> Work instructions
Return the listing exactly. Keep no pictures.

> Source data
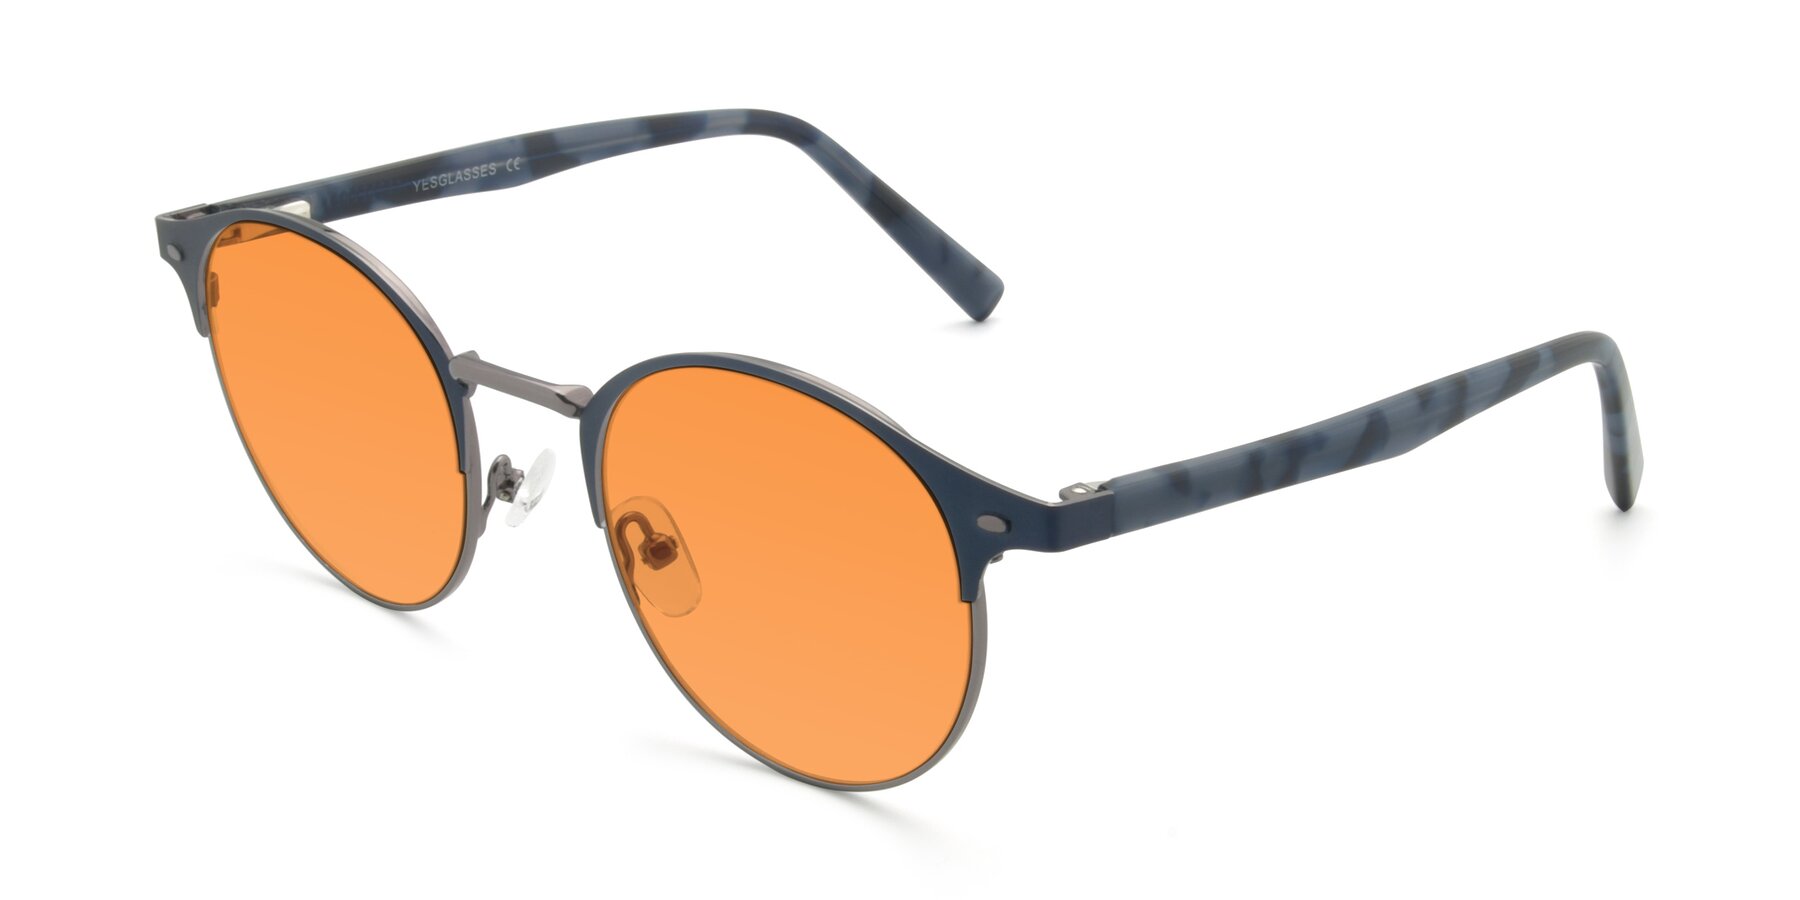 Angle of 9099 in Blue-Gunmetal with Orange Tinted Lenses
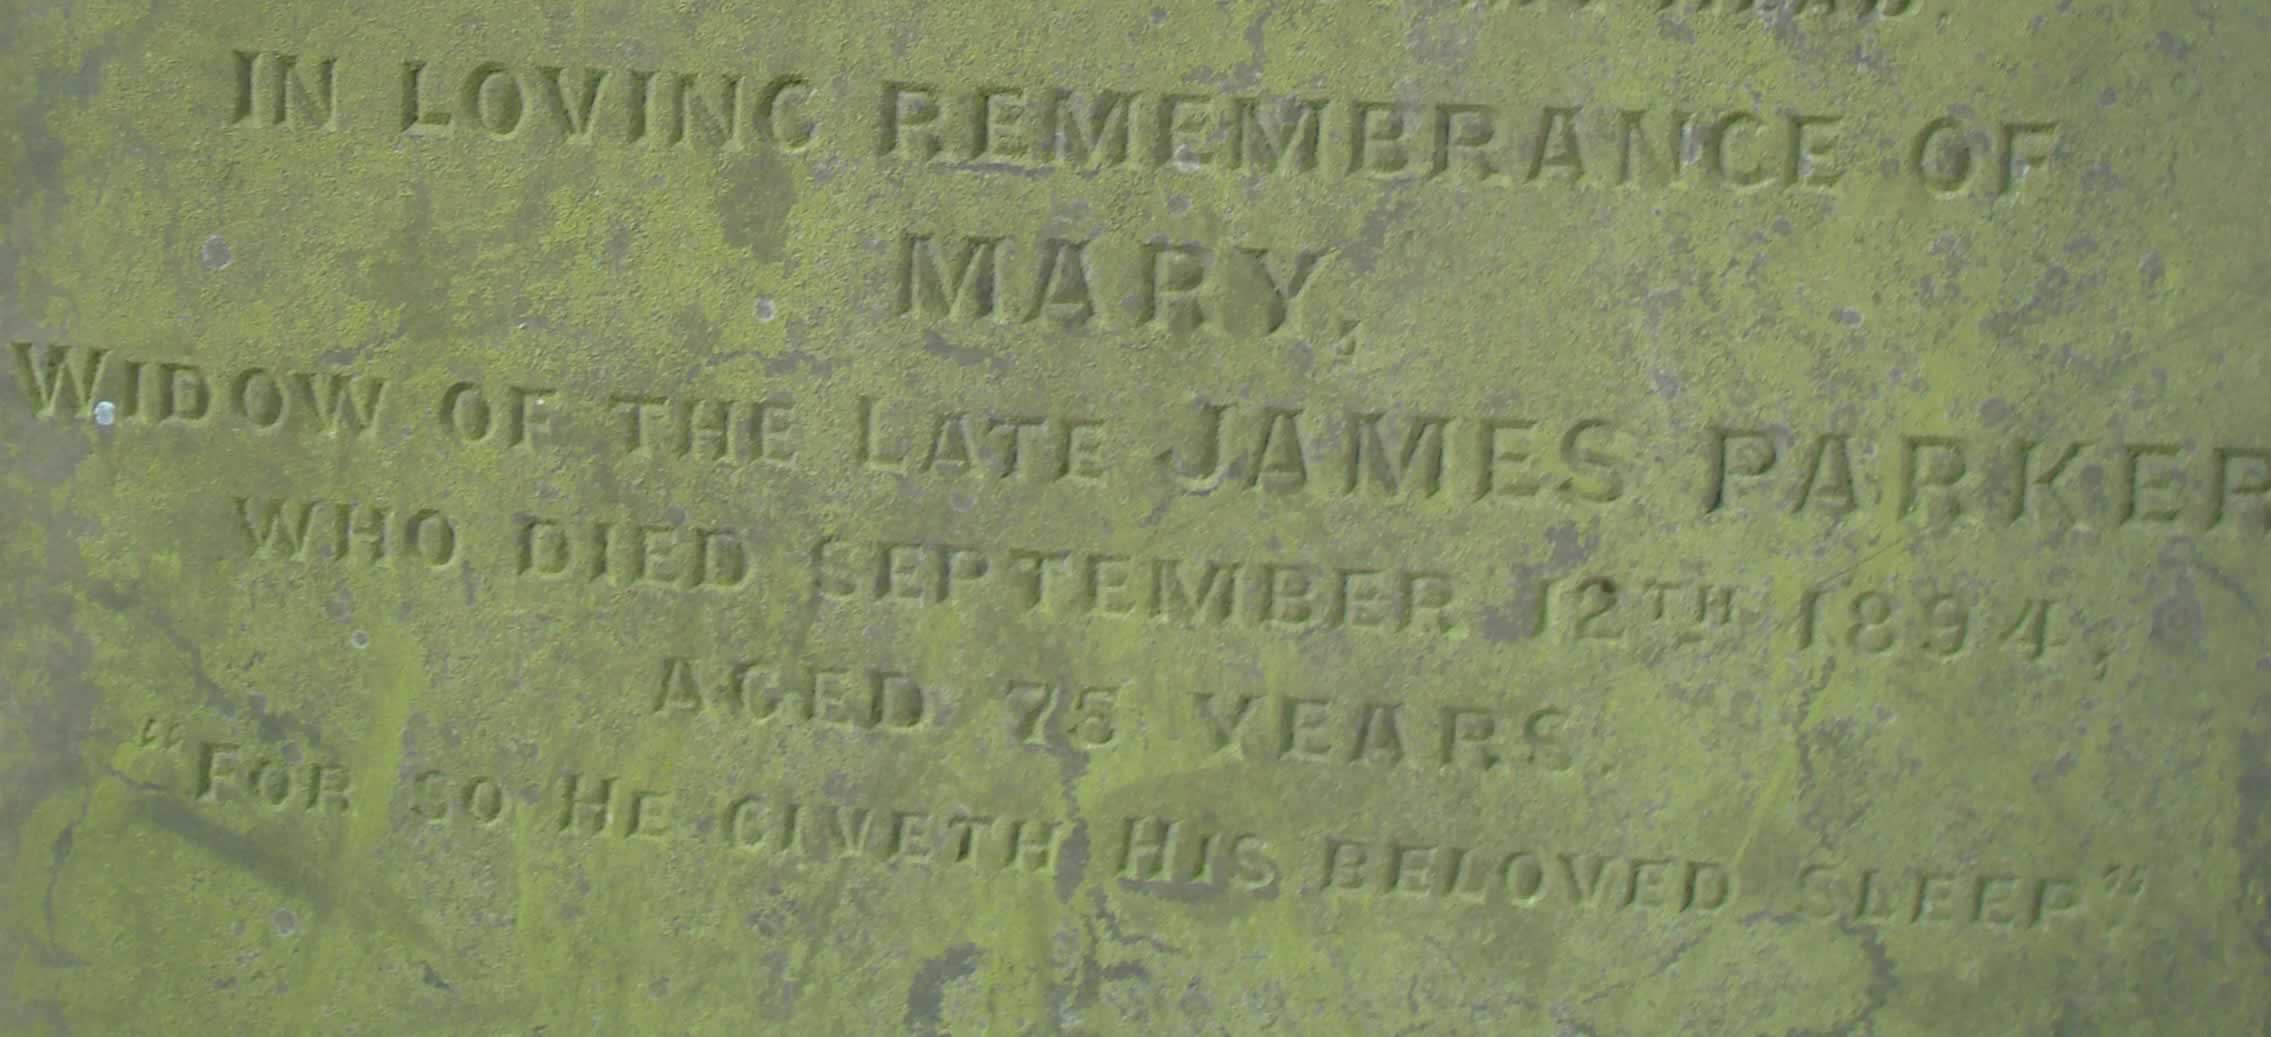 In Loving Remembrance of Mary widow of the late James Parker who died Septmber 12th 1894 aged 75 years. Copyright David Tonks.
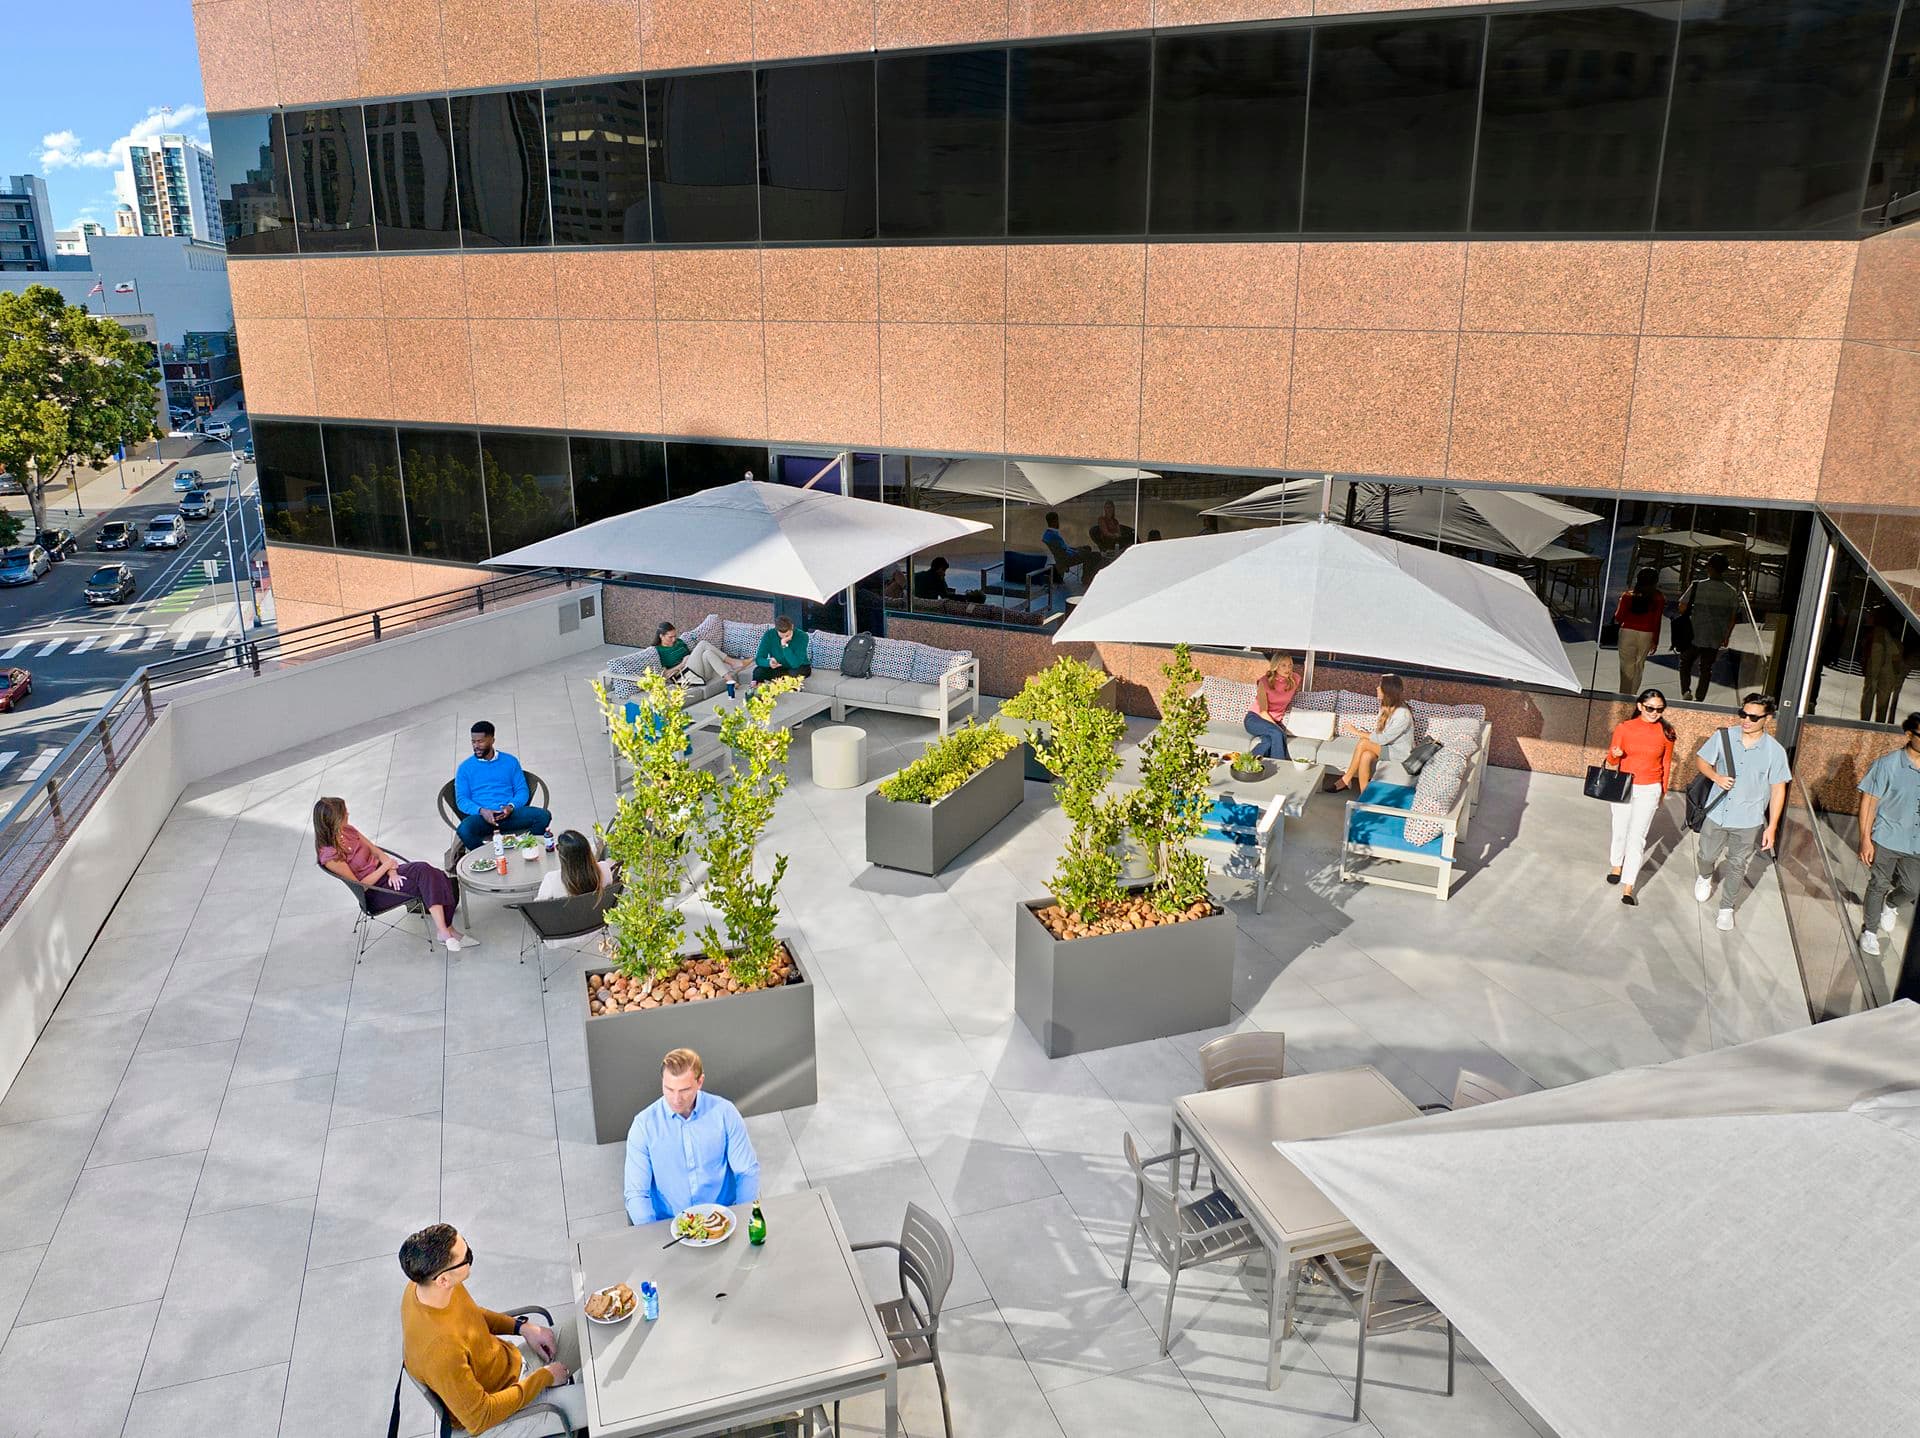 Exterior lifestyle photography of the outdoor workspace at Wells Fargo Plaza in San Diego, CA.

> Result
 Angle of 9099 in Blue-Gunmetal with Orange Tinted Lenses
 In Loving Remembrance of Mary widow of the late James Parker who died Septmber 12th 1894 aged 75 years. Copyright David Tonks.
 Exterior lifestyle photography of the outdoor workspace at Wells Fargo Plaza in San Diego, CA.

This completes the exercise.